▸ **What needs to be done**
Exclude the images, then return every line below exactly as written.

▸ **Given material**

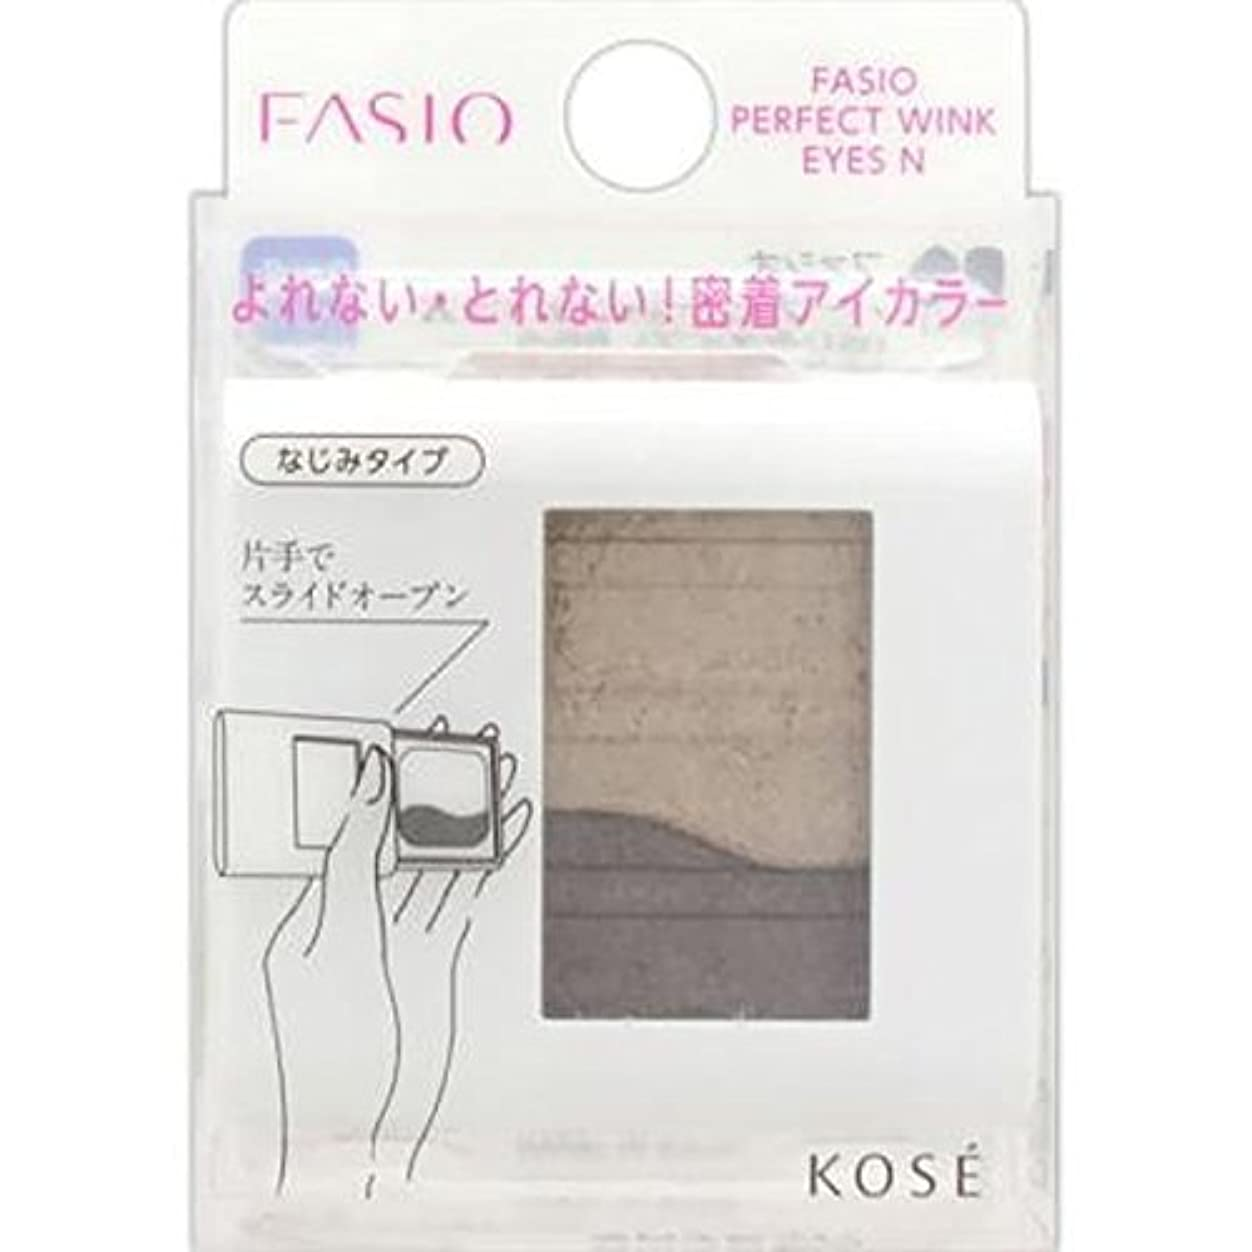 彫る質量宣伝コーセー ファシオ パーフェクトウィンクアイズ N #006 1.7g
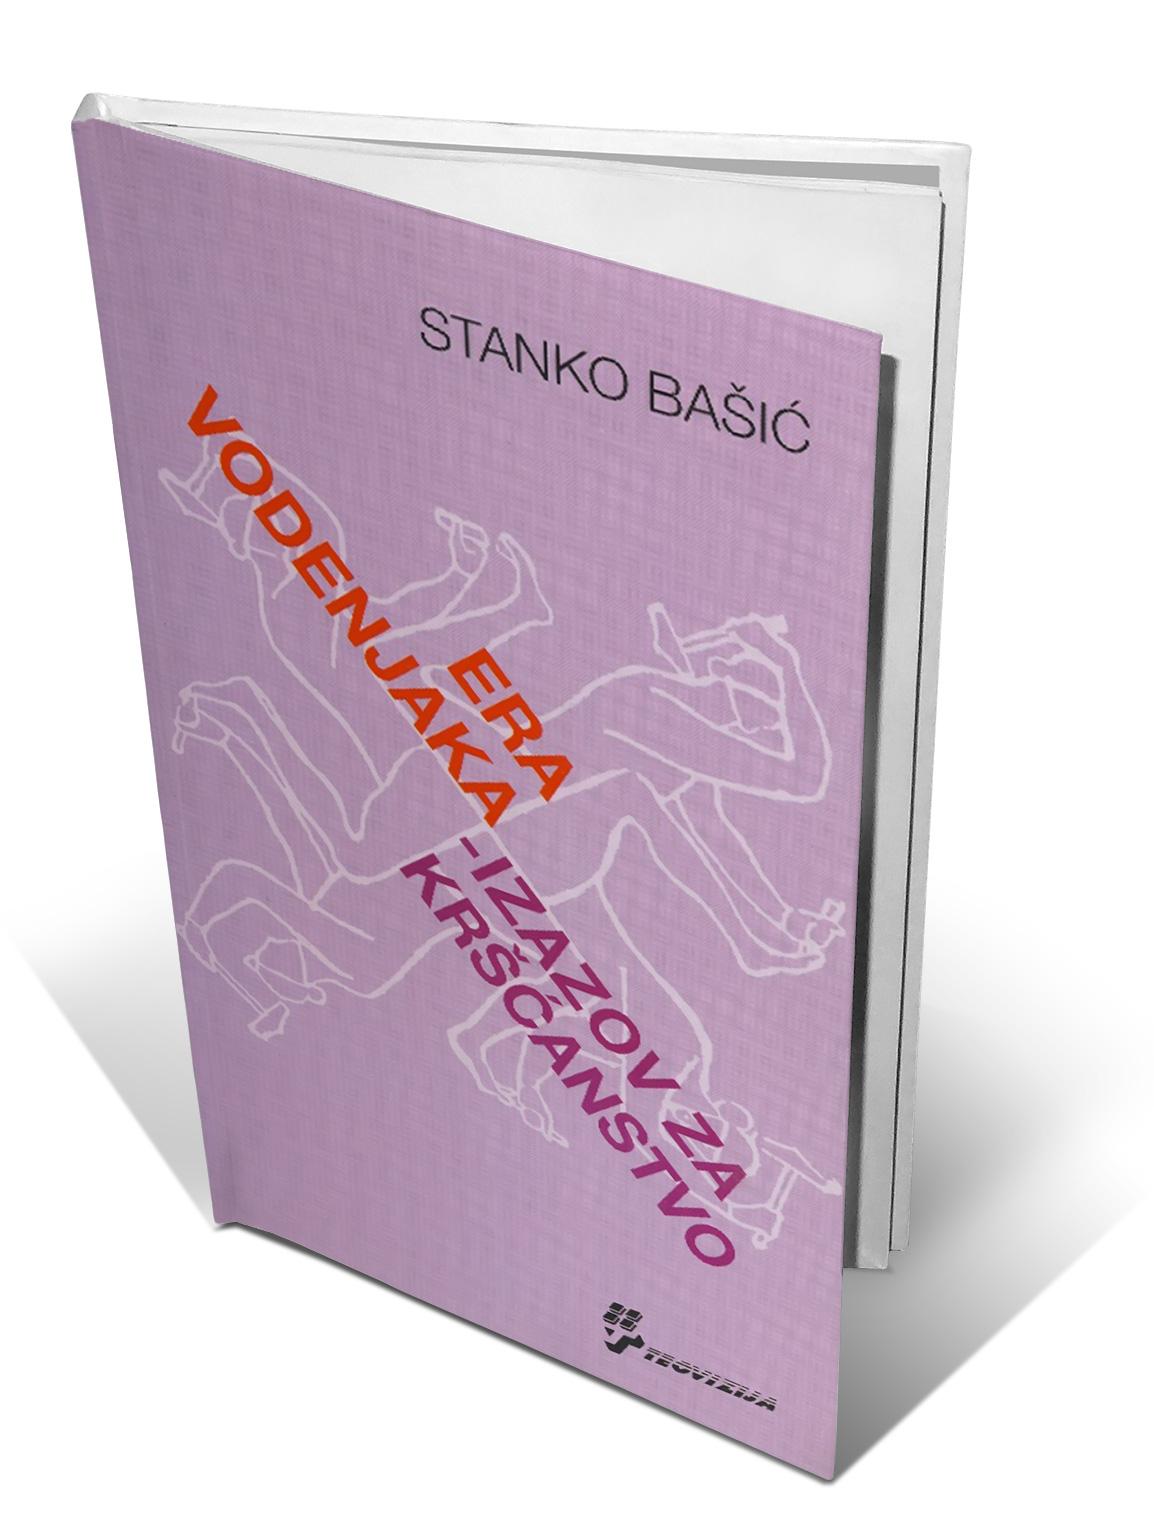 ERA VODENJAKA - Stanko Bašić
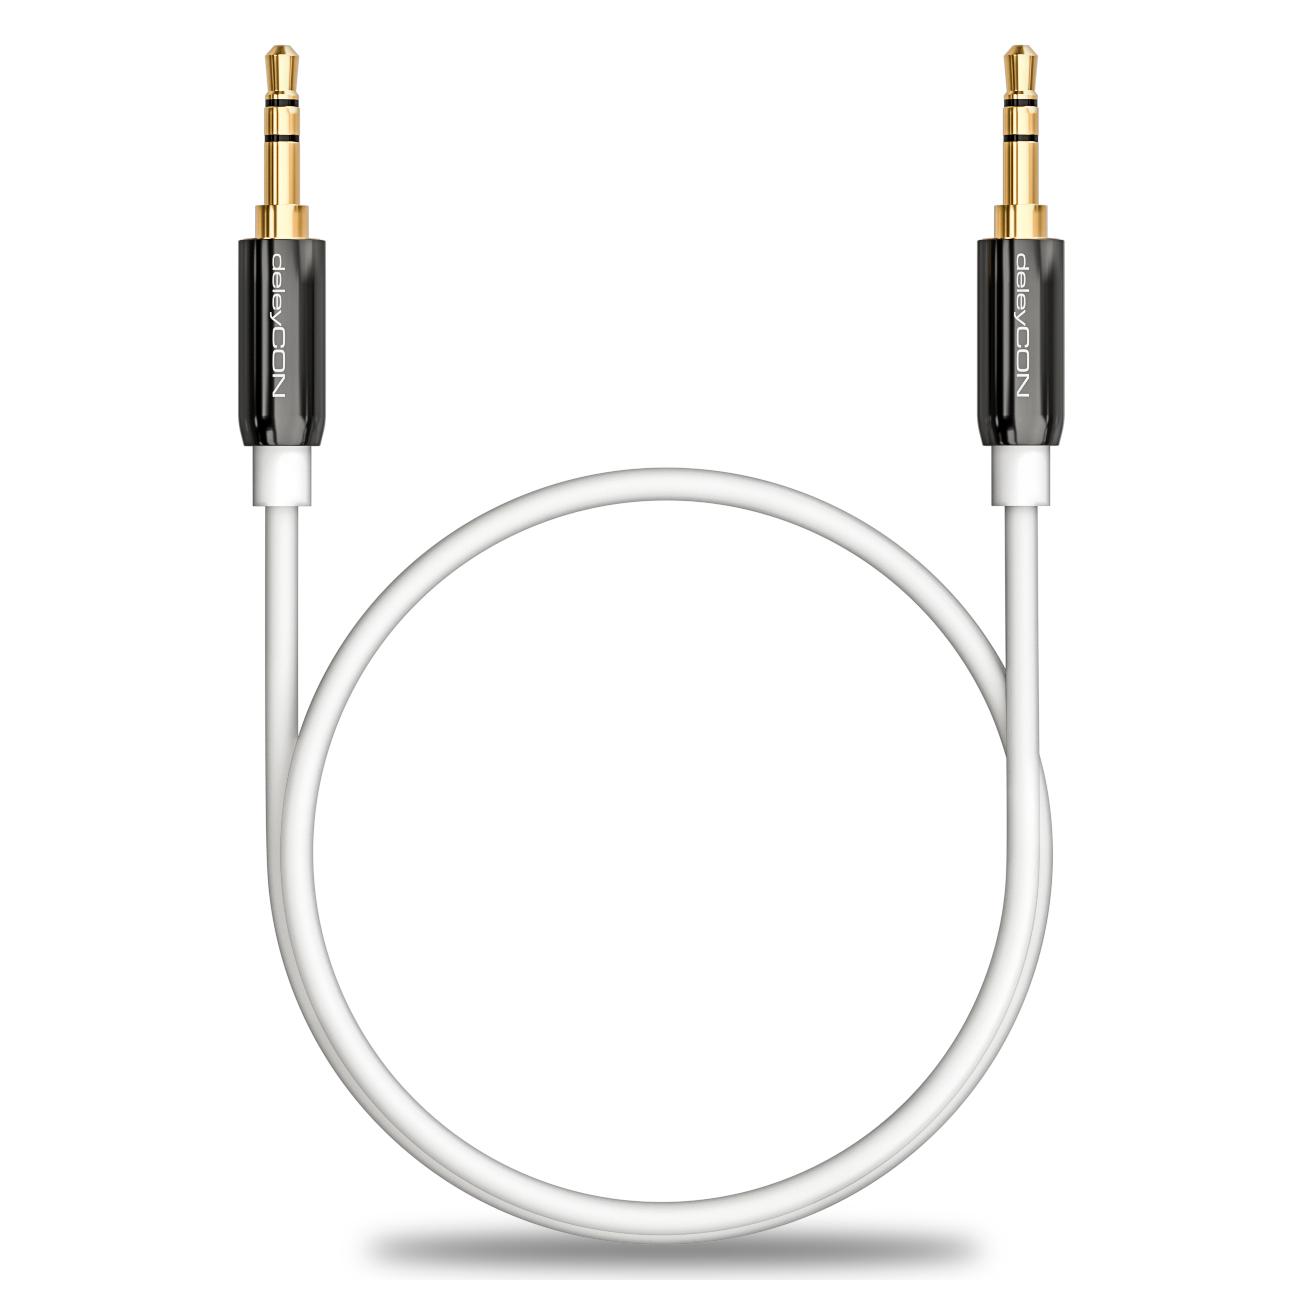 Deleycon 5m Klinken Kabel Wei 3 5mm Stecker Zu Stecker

▸ **Task answer**
 彫る質量宣伝コーセー ファシオ パーフェクトウィンクアイズ N #006 1.7g
 ERA VODENJAKA - Stanko Bašić
 Deleycon 5m Klinken Kabel Wei 3 5mm Stecker Zu Stecker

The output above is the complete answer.